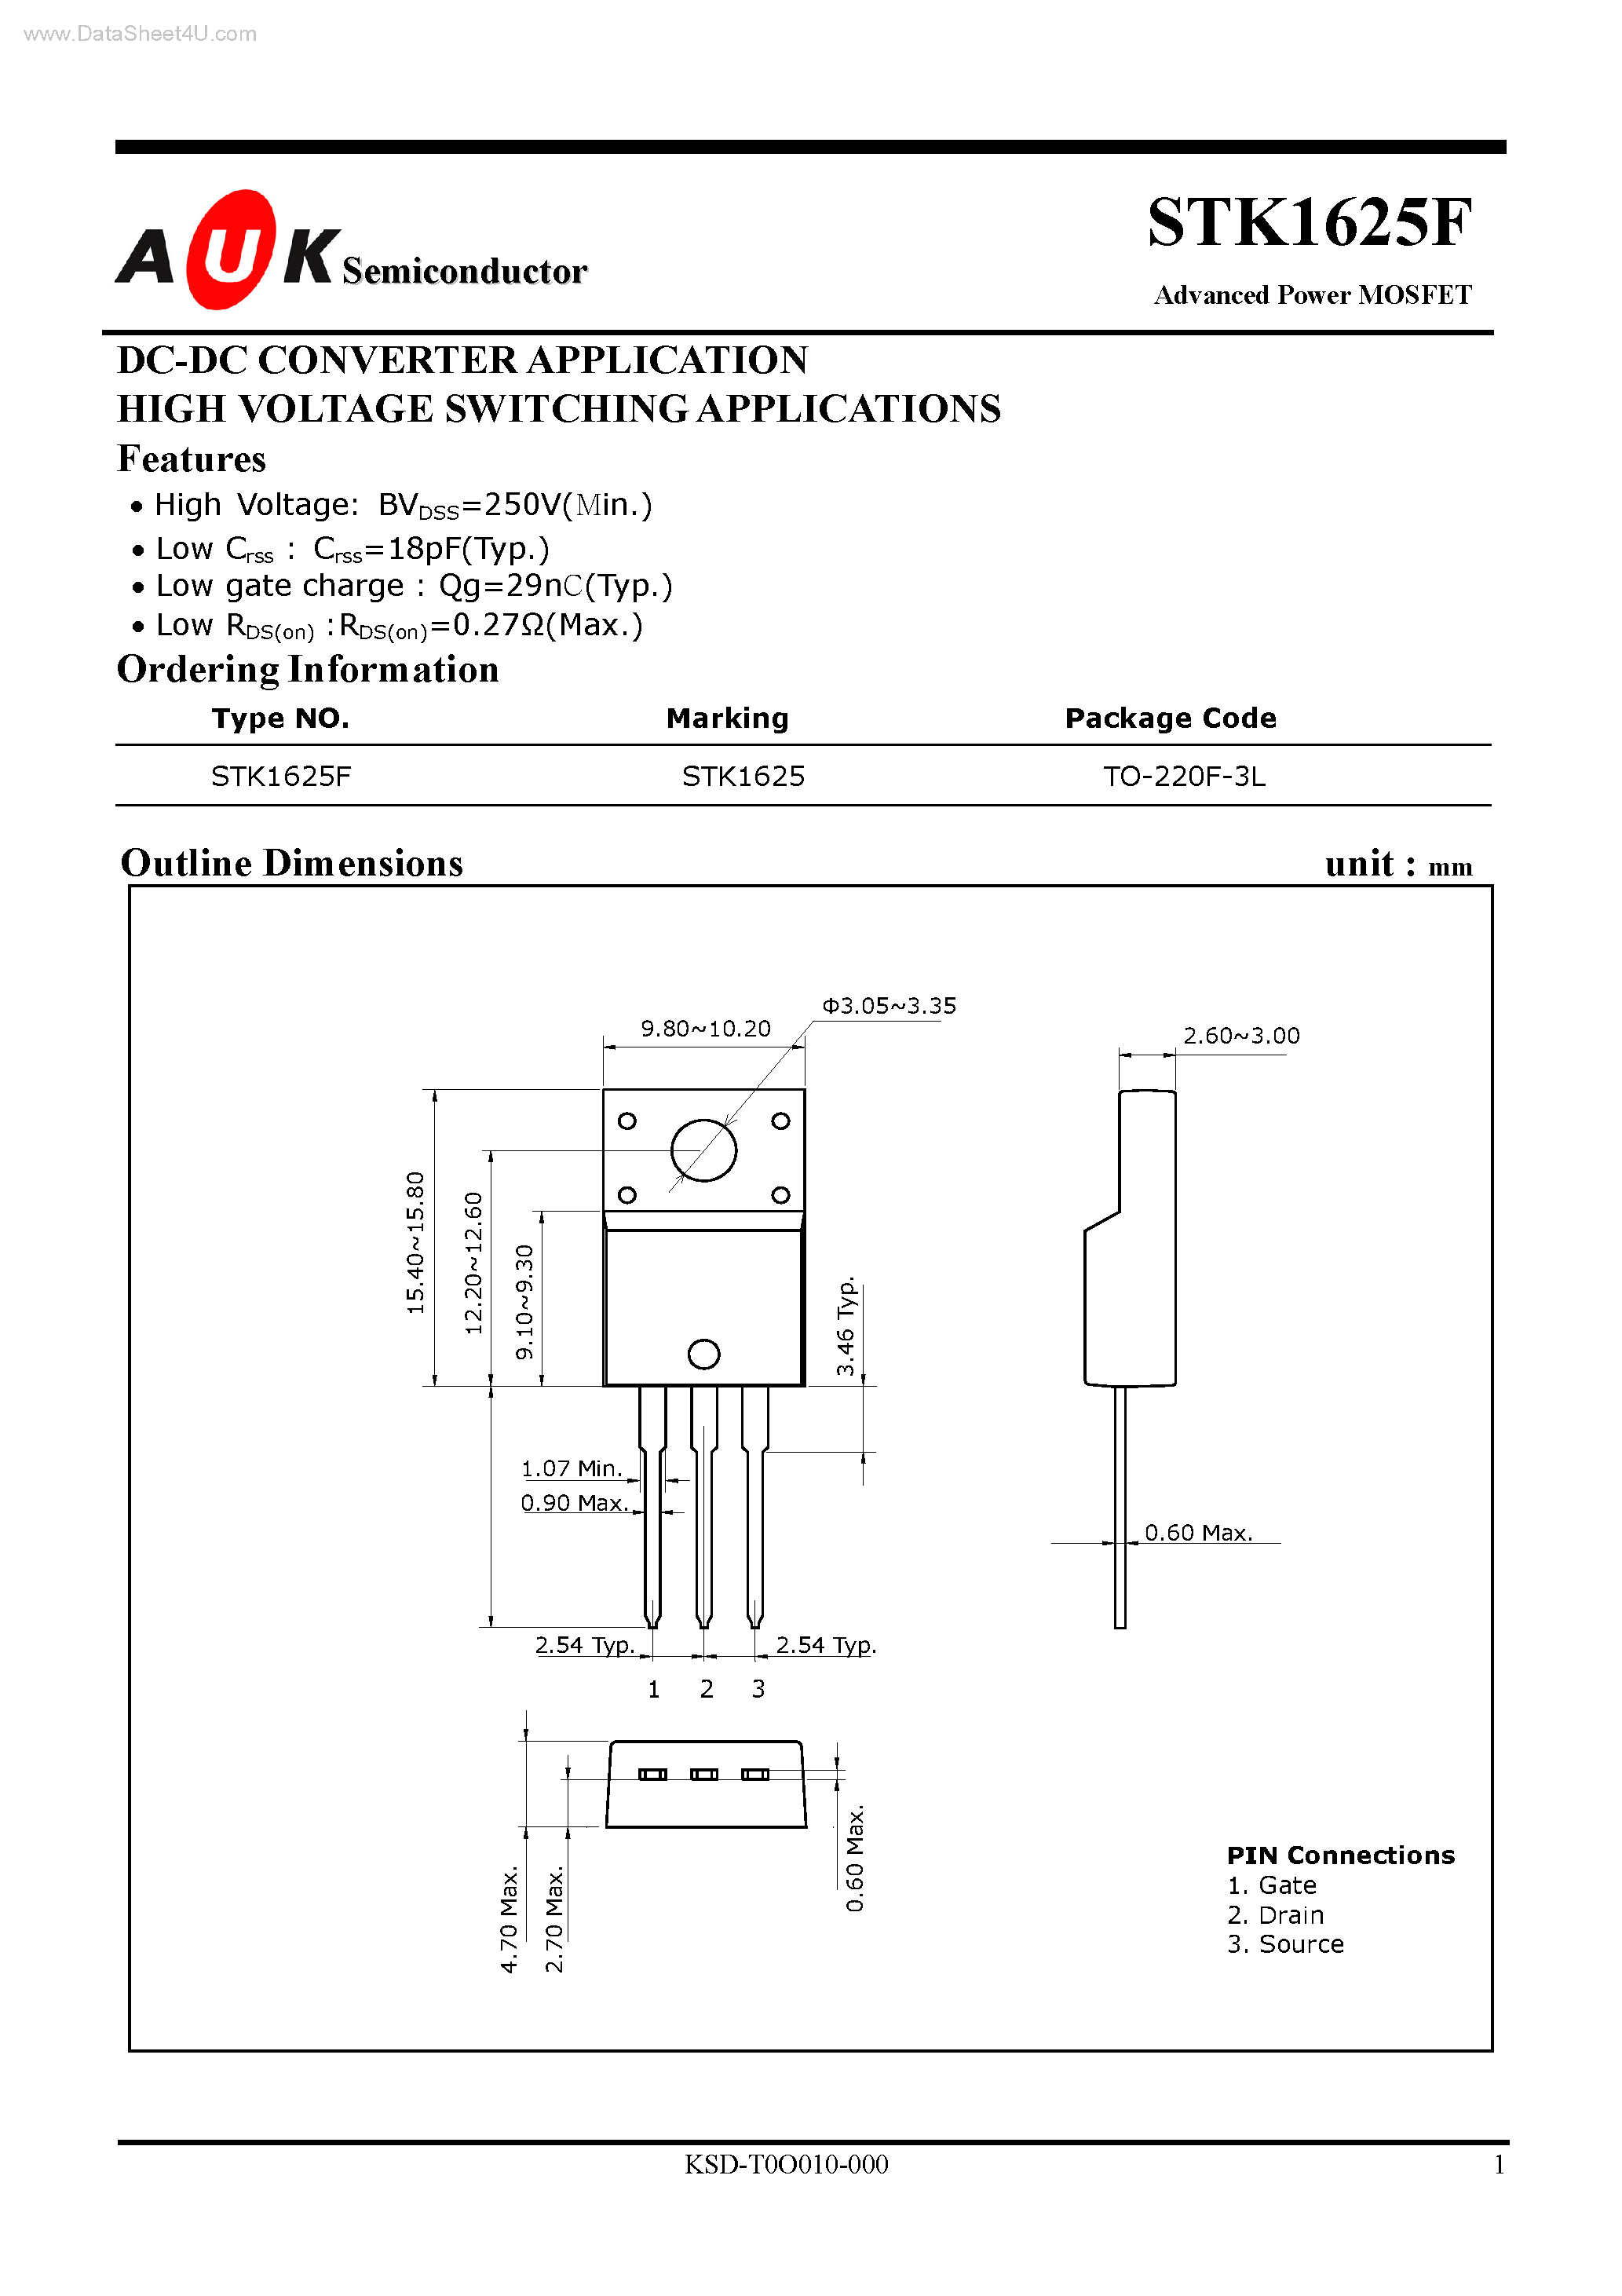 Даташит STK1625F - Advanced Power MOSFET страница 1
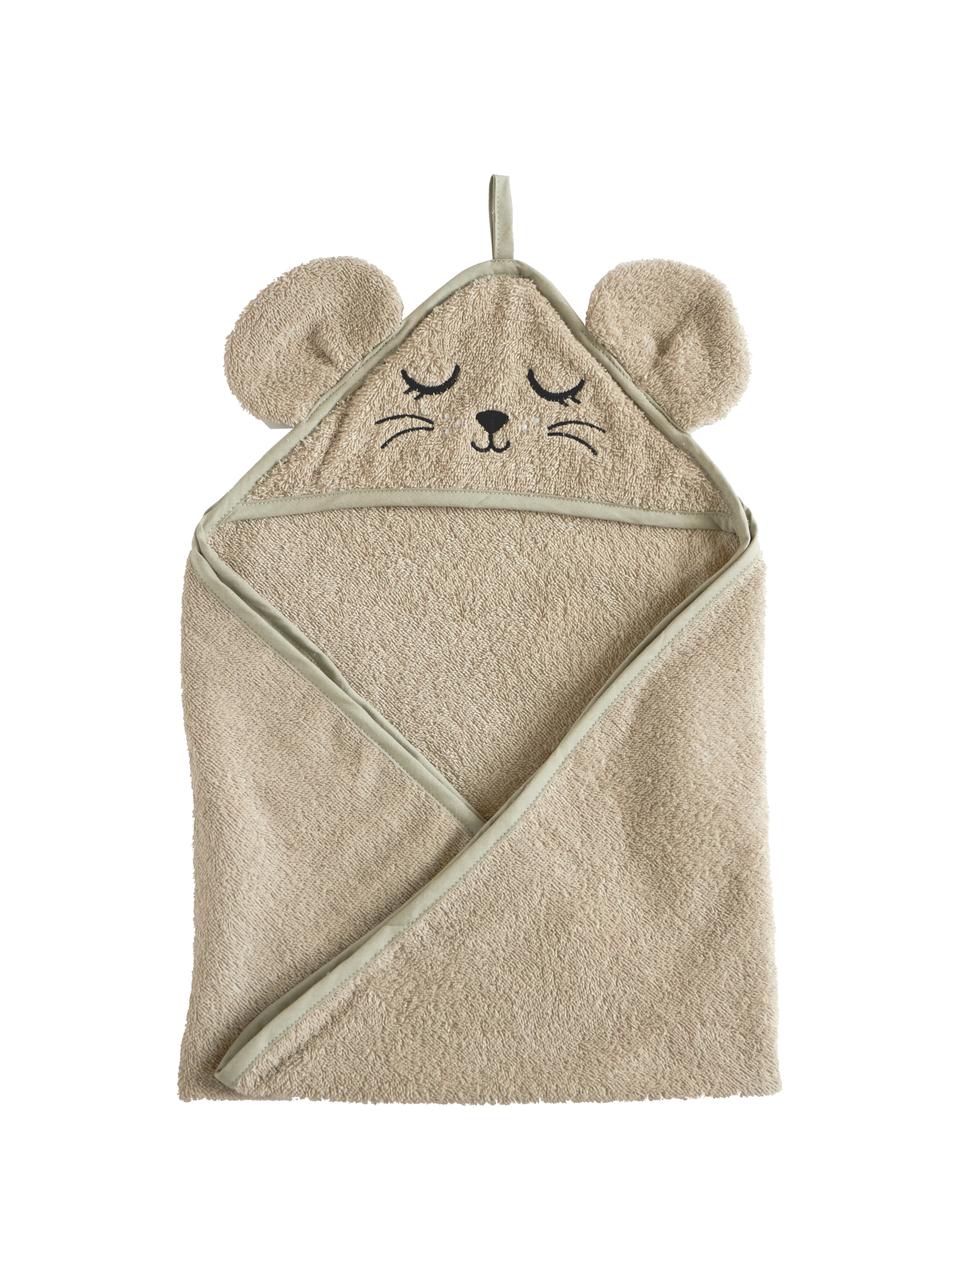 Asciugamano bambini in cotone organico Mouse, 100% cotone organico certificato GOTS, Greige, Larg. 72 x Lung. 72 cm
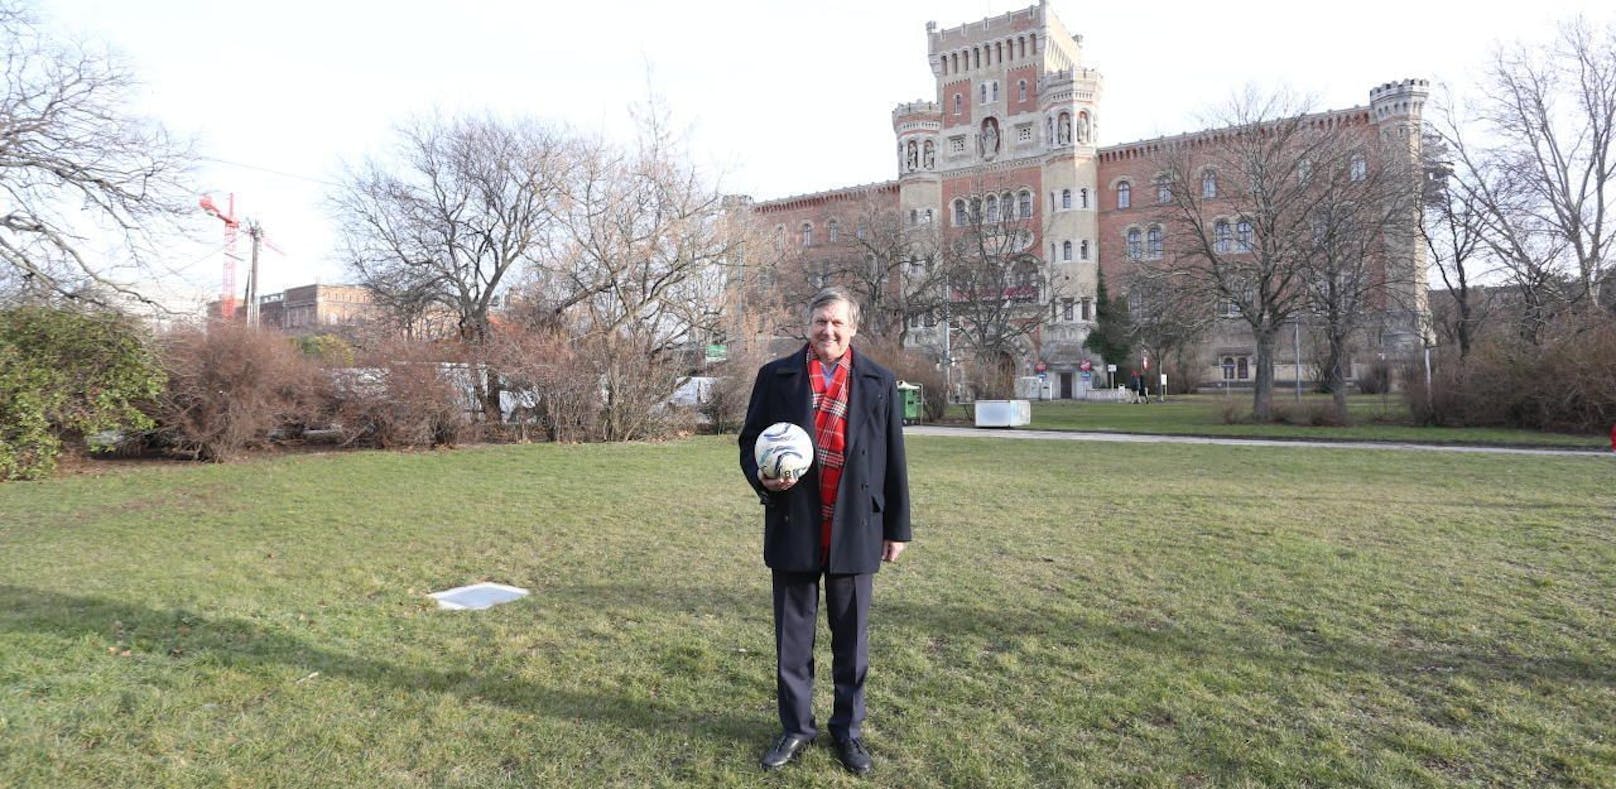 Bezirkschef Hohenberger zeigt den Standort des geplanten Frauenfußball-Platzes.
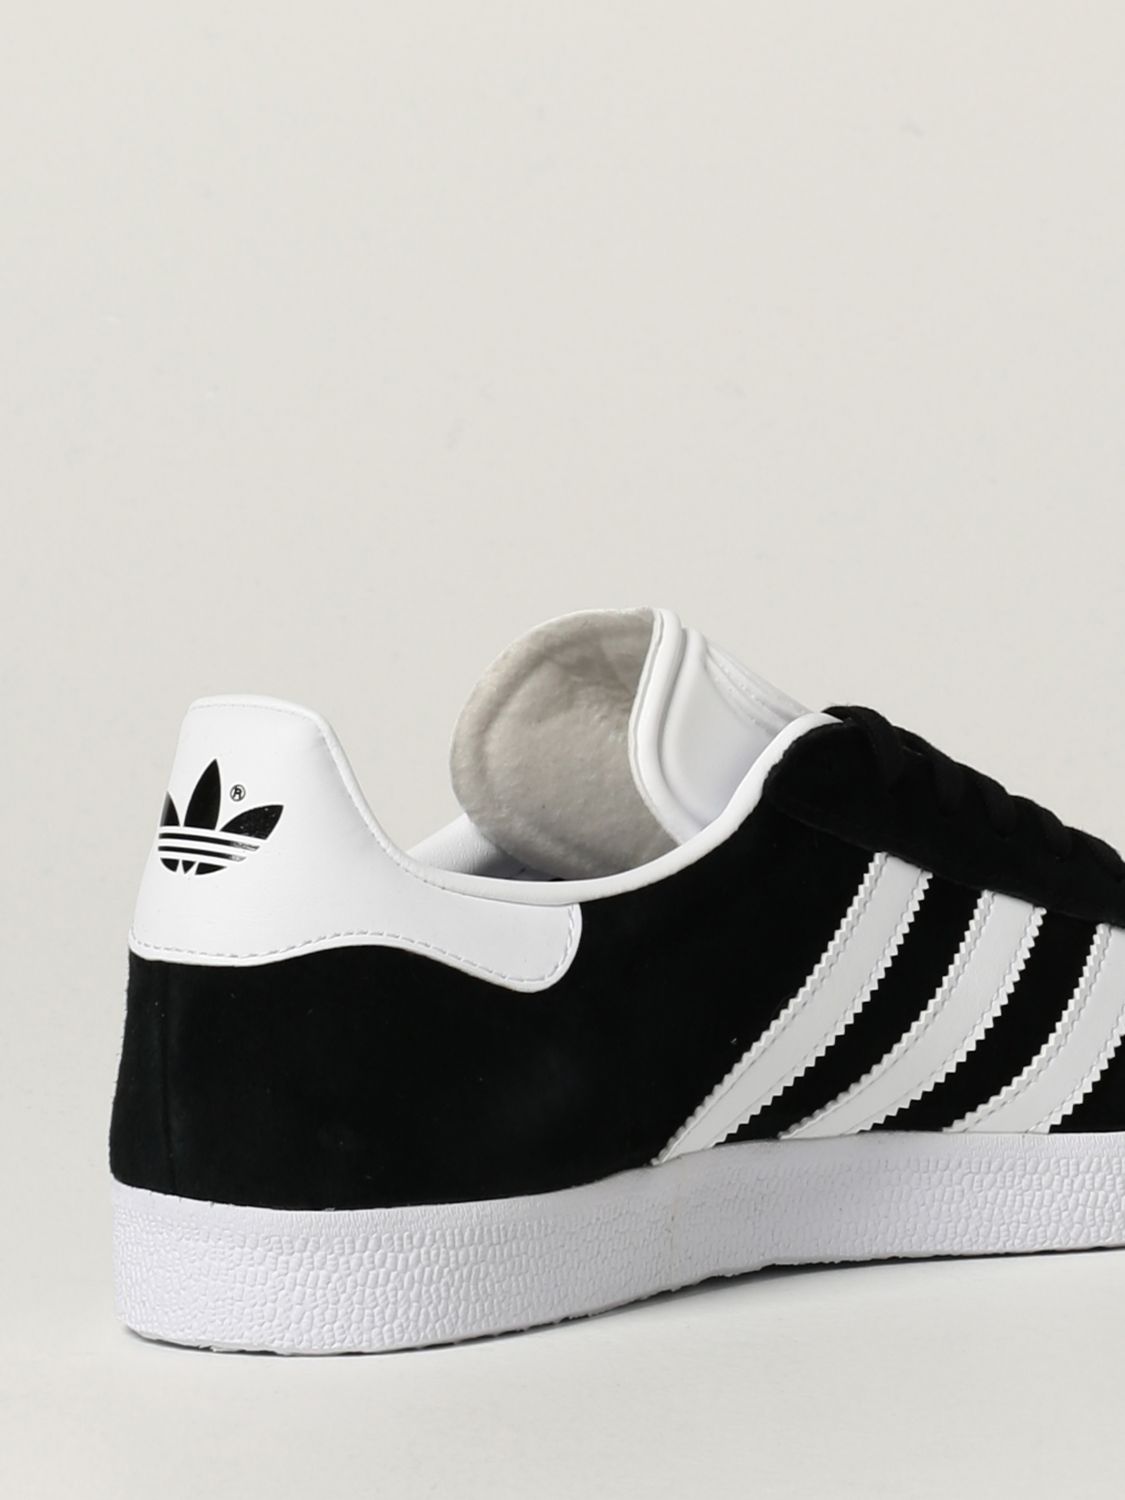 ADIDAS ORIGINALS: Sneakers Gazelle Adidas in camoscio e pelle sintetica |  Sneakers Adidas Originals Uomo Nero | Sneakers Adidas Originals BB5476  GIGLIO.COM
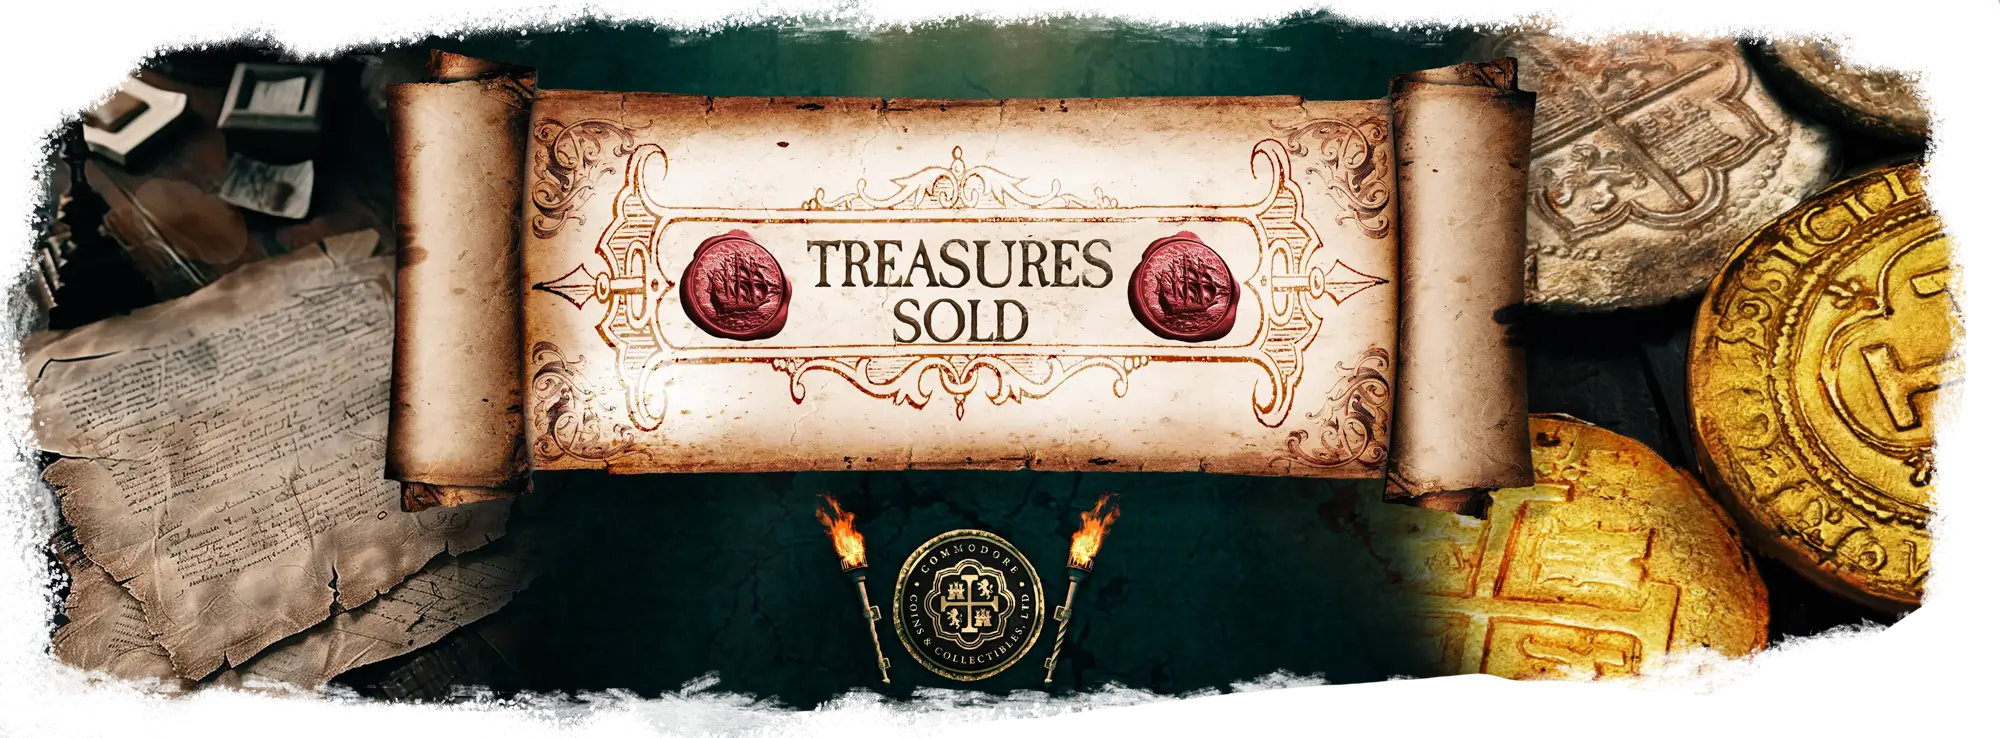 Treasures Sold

━━━━━━━━━━━━━━━━━━━━━━━━━━━━━━

Problem details: Your copy should hold exactly the lines from the one with "Bezirkschef Hohenberger zeigt" through the final line of the records, both ends included, and no pictures.

Result of the exercise:
 Bezirkschef Hohenberger zeigt den Standort des geplanten Frauenfußball-Platzes.
 ADIDAS ORIGINALS: Sneakers Gazelle Adidas in camoscio e pelle sintetica |  Sneakers Adidas Originals Uomo Nero | Sneakers Adidas Originals BB5476  GIGLIO.COM
 Treasures Sold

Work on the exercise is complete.